Henkel v. J. J. Henkel Co.

298 P. 28 | Cal. | 1931

THE COURT.

This is an appeal from a judgment for the plaintiff in an action to recover damages for breach of contract of employment.

The defendant is a California corporation. From July 1, 1919, and during the times herein involved, it conducted a retail ladies' ready-to-wear business in San Francisco. Of the 1,000 shares of its authorized capital stock, 375 shares were issued to Benjamin I. Brahms, trustee for Saul Singer; 365 shares to the plaintiff; 10 shares to the plaintiff's wife, Grace Henkel, and 50 shares to Peter Feinburg. The directors of the company at all the times involved herein up to December 5, 1925, consisted of the plaintiff, Grace Henkel, and Benjamin I. Brahms. Pursuant to a resolution duly passed and adopted by the board of directors on July 11, 1919, the plaintiff and the defendant entered into a written agreement of employment dated July 1, 1919, whereby the plaintiff was to serve the defendant in the capacity of supervisor and general manager for one year commencing July 1, 1919, and ending June 30, 1920, at a yearly salary of $7,200 payable in monthly installments of $600. The plaintiff entered the employ of the defendant as its general manager and so served the defendant up to December 5, 1925, when he was discharged by a new board *290 of directors elected on that day. Resolutions similar to that passed on July 11, 1919, were purported to have been adopted by the board of directors at meetings held on August 2, 1920; August 2, 1921; August 21, 1922, and July 30, 1923, with the exception that the resolutions of August 21, 1922, and July 30, 1923, provided for a salary of $8,400 a year. The plaintiff drew and was paid a salary at the latter rate of $8,400 in monthly installments of $700 from and after July 1, 1922, up to the first day of November, 1925. It is conceded that all of the resolutions on the subject of the plaintiff's employment subsequent to the resolution of July 11, 1919, were ineffective as such inasmuch as the directors of the company who were present at the meetings held subsequent to the meeting of July 11, 1919, and who constituted a quorum for the transaction of business, consisted only of the plaintiff and Grace Henkel, and that the one written contract in evidence in addition to the contract of July 1, 1919, was not duly executed by the defendant.

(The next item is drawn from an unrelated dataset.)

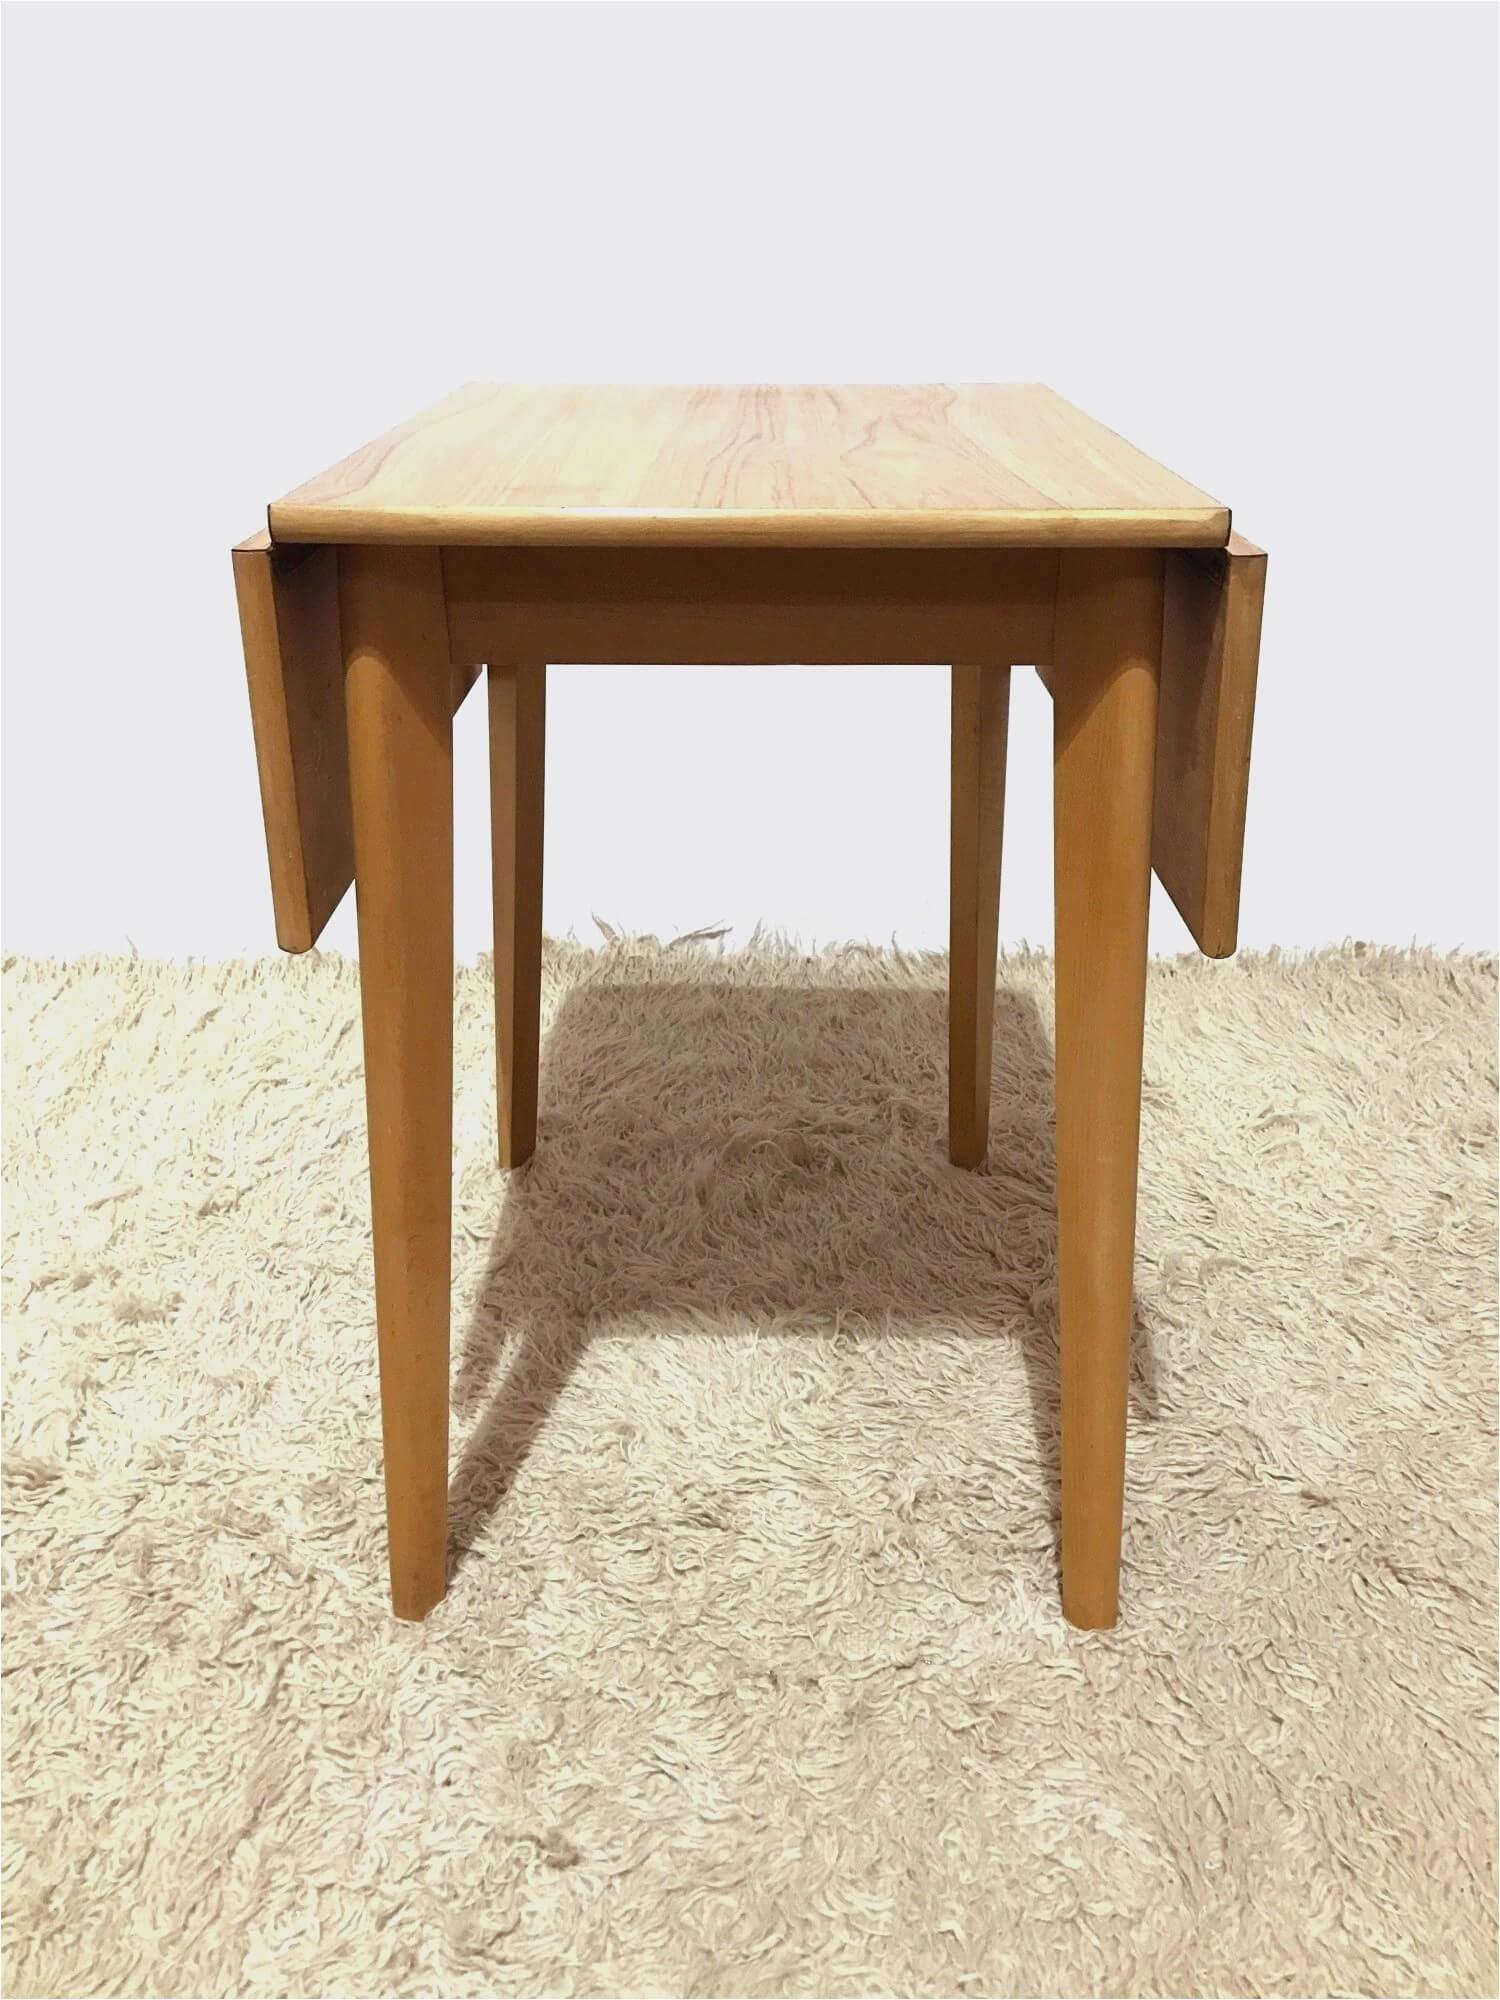 Ikea De Jardin Table Appiar Ronde Basse Io Tshrqd concernant Table Ronde Jardin Ikea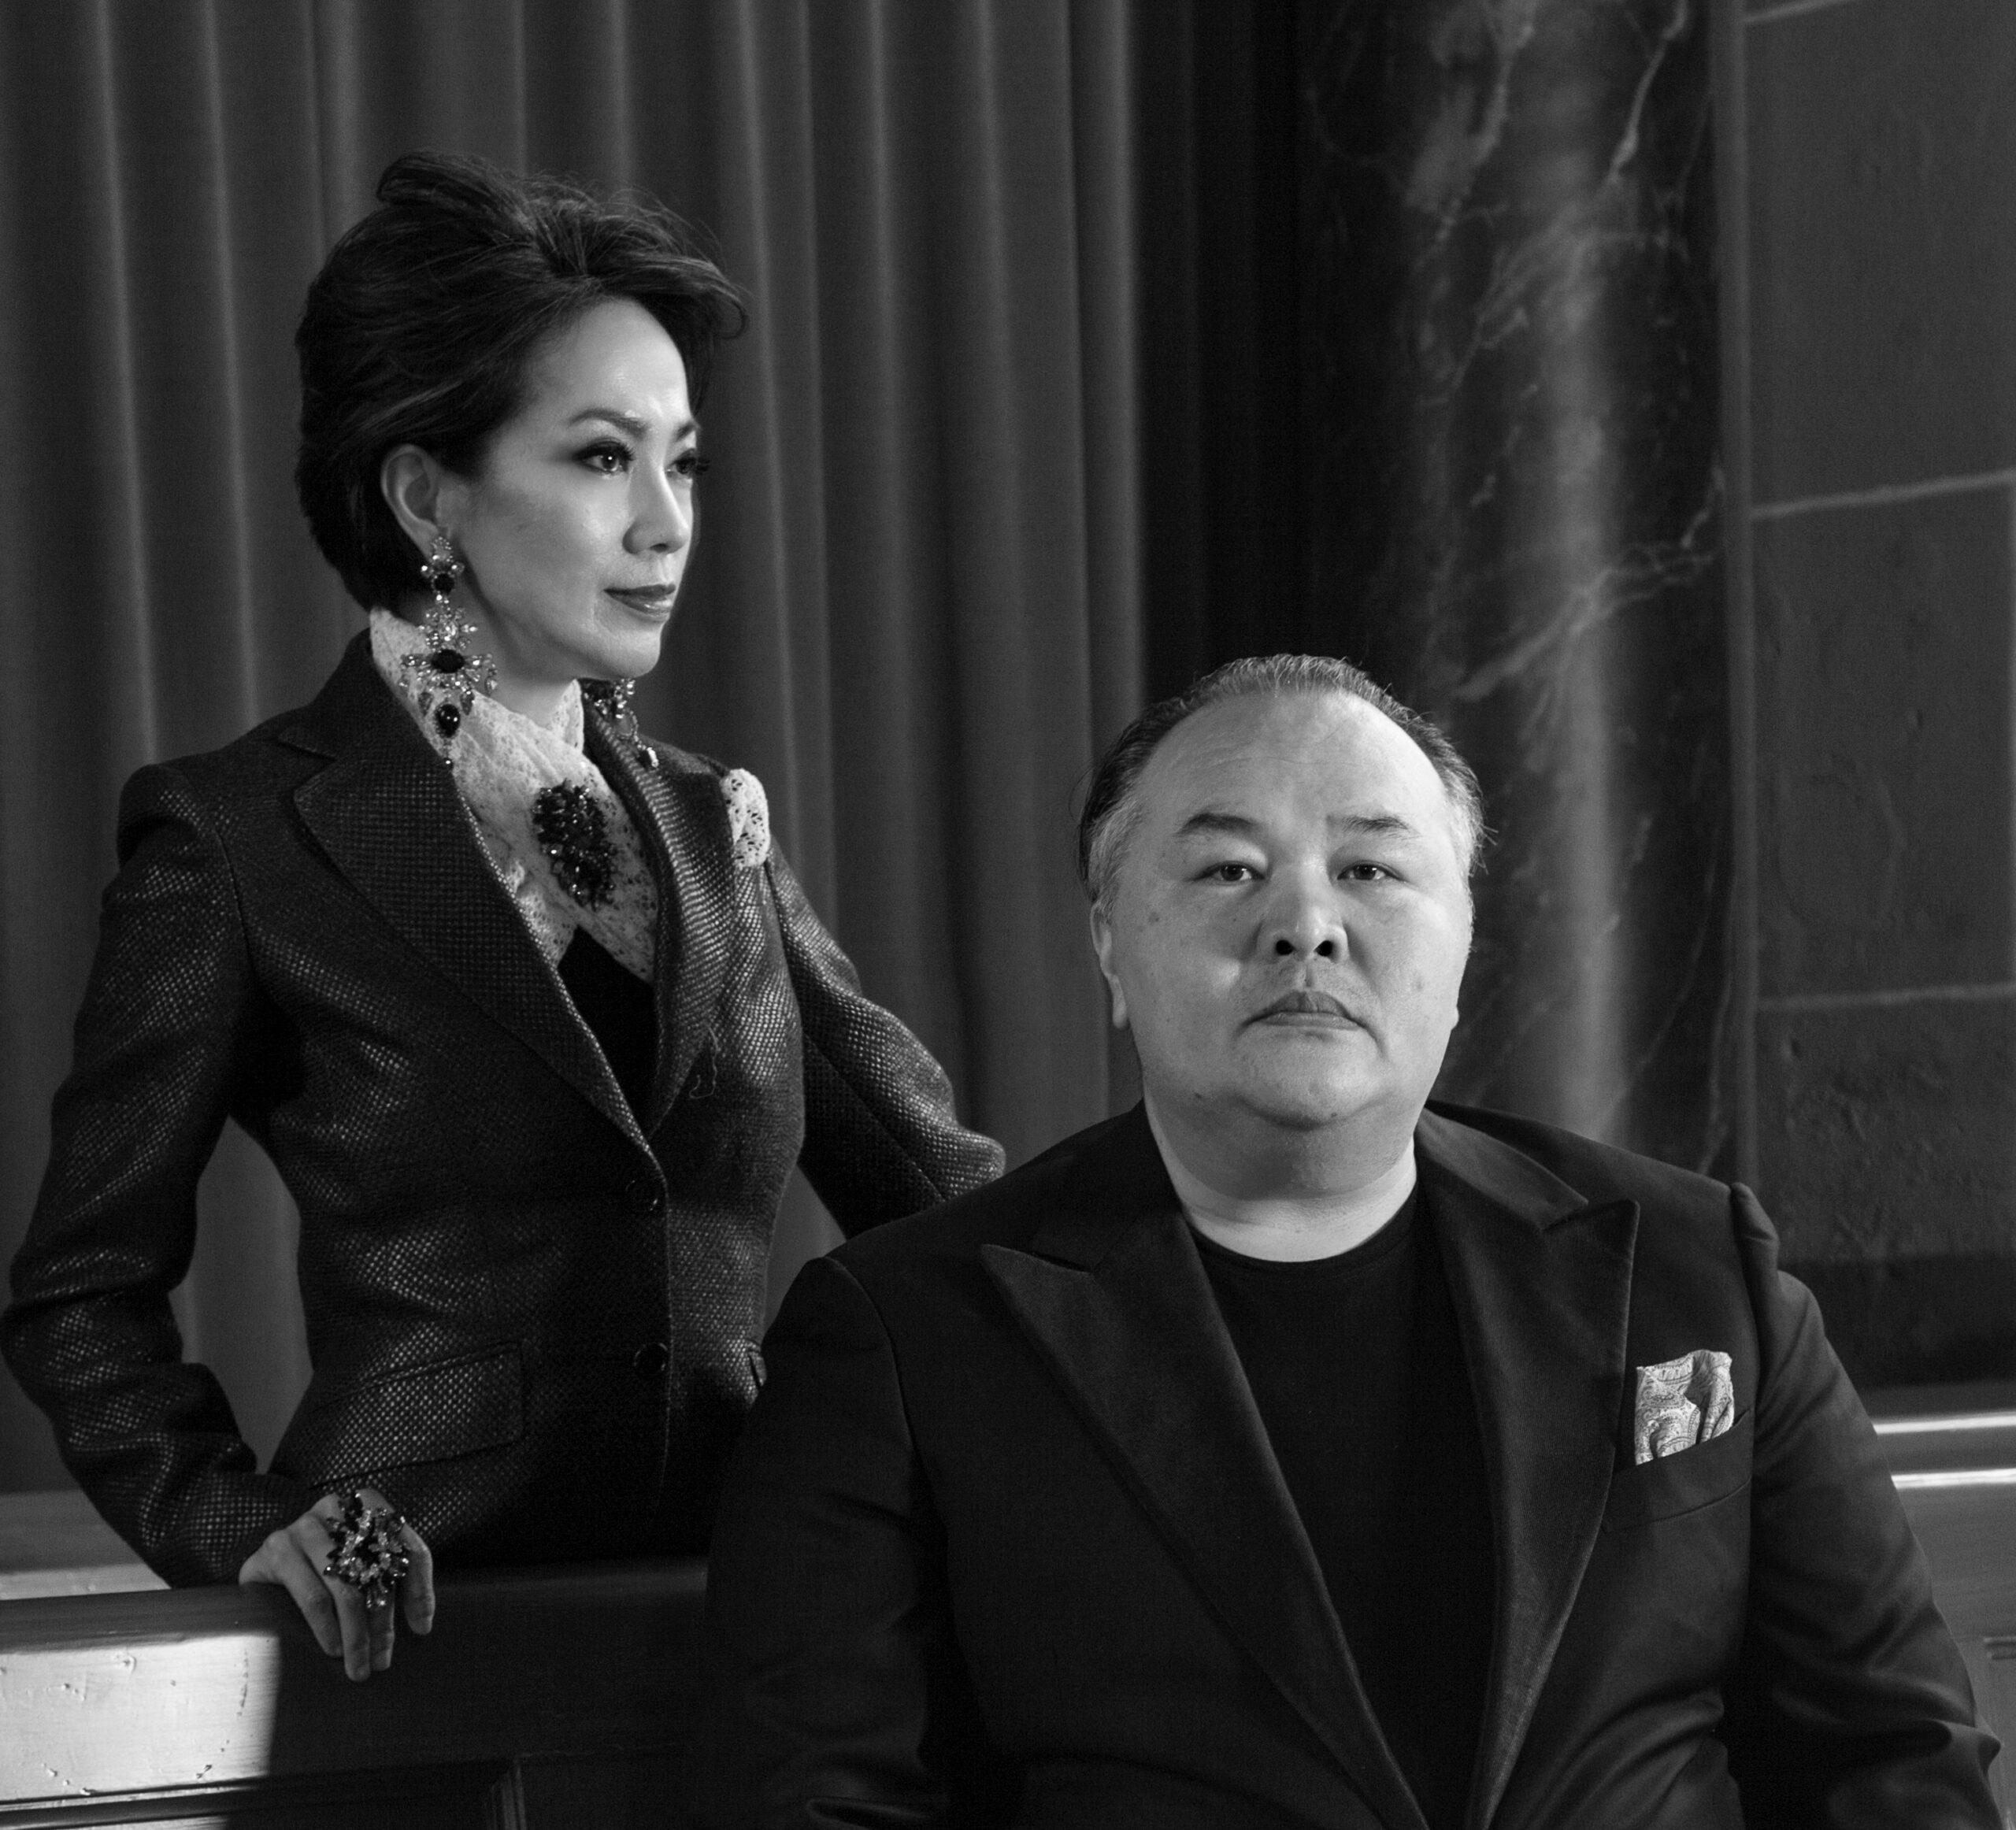 Imelda & Eduardo - Founders of BAROQCO

The facts therefore resolve themselves into a situation wherein the parties entered into a binding and valid contract for employment for the year from July 1, 1919, to June 30, 1920, and thereafter the plaintiff continued in the employ of the defendant up to the time of his discharge and received the same salary with the exception that commencing July 1, 1922, the plaintiff was paid a salary estimated at the rate of $8,400 per year instead of $7,200. The plaintiff sought to recover the amount of salary earned from November 1, 1925, to December 5, 1925, and the further sum of $4,900 as damages for breach of contract on the theory that the period of the plaintiff's employment by the defendant continued up to the thirtieth day of June, 1926, and that the plaintiff was discharged by the defendant without cause prior to the expiration of his contract of employment.

The trial court found that there existed between the parties a valid and binding contract of employment for the year commencing July 1, 1925, and ending June 30, 1926, at a yearly salary of $8,400; that the discharge of the plaintiff from the defendant's employment on December 5, 1925, was without cause; that the plaintiff upon being discharged immediately endeavored to seek similar employment, but *291 was unable to find it; that although the plaintiff entered a similar business on his own account in March, 1926, he received no compensation or salary of any kind up to and including the thirtieth day of June, 1926; and that the plaintiff had not been paid salary earned from November 1, 1925, to December 5, 1925. The court concluded that the plaintiff was entitled to recover $816.66 as earned unpaid salary and $4,783.34 as damages for the breach of the contract of employment, and entered judgment accordingly.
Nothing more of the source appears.